Write Up: (10 points, 1-3 pages on how you set up the analysis, and interpreted the results of your analysis). This should follow the format of a journal aritlce’s methods, data and results sections.

a. Descriptive write up consisting of:

i. Tables of discriptive statistics (please see above)

ii. Graphs of the necessary funtions (please see above)

iii. Results of statistical tests (please see above)
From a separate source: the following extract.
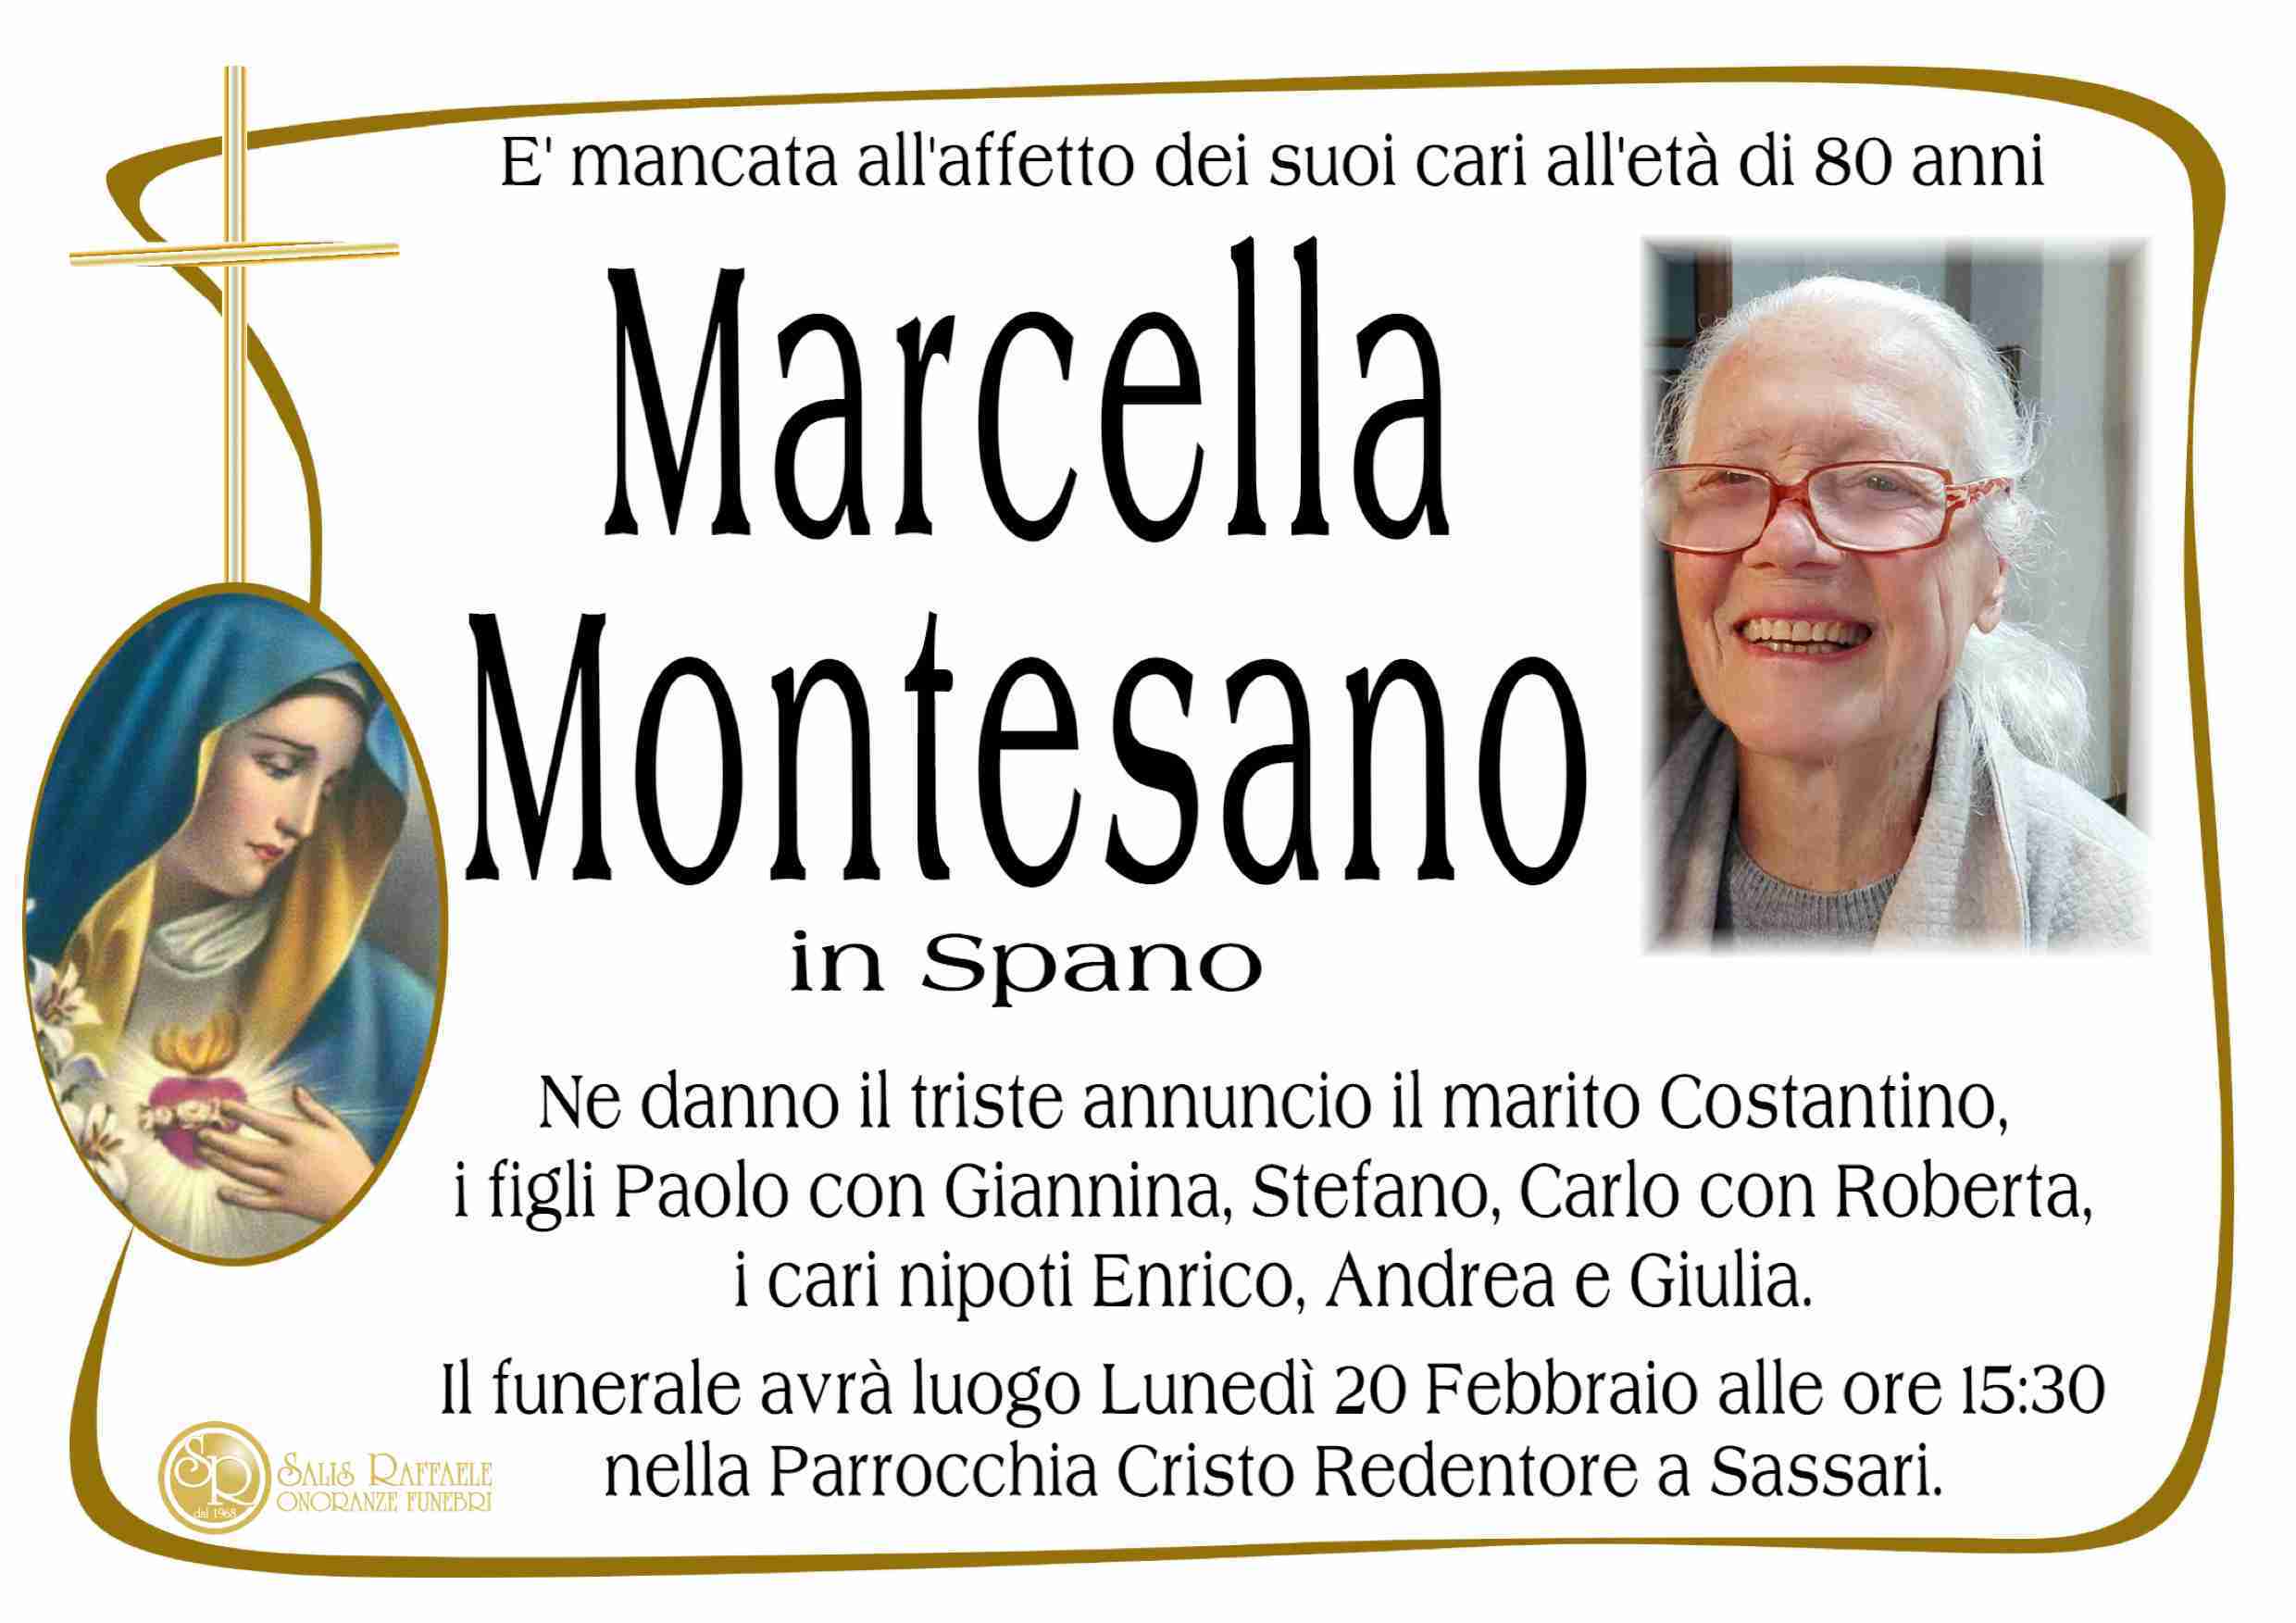 Marcella Montesano

iv. Interpretation of the results

For this analysis the National Longitudinal Study of Adolescent to Adult Health (ADD Health) was used to determine if LGB individuals experience a higher rate of job loss due to social stigma then heterosexual individuals. ADD Health is a nationally representative longitudinal study of adolescents in the United States who are between 7 and 12 years old. The survey was conducted in 1994 with follow up surveys in 1996, 2008, and 2016. A Cox Proportional Hazards Model was utilized to analyze the data.
The results from the analysis shows that females are at a lower risk then males for losing a job.
Non-Hispanic blacks are at a higher risk of losing a job than non-Hispanic whites.
People with a bachelor’s degree and higher (Masters, PhD) are at a lower risk of losing a job than people with less then an high school education
People who are at a higher risk of not being able to pay utility bills then those who can pay utility bills
People who have health insurance are at a lower risk of losing a job then those who do not have insurance
People who are depressed are at a higher risk of losing a job then people who are not depressed.
People who leave a job for health reasons are at a lower risk of losing a job then people who are fired from a job.
People who are dissatisfied with a job are at a higher risk of losing a job then people who are satisfied with a job.
From this analysis it would appear that LGB individuals do not experience a higher rate of job loss due to social stigma then heterosexual individuals.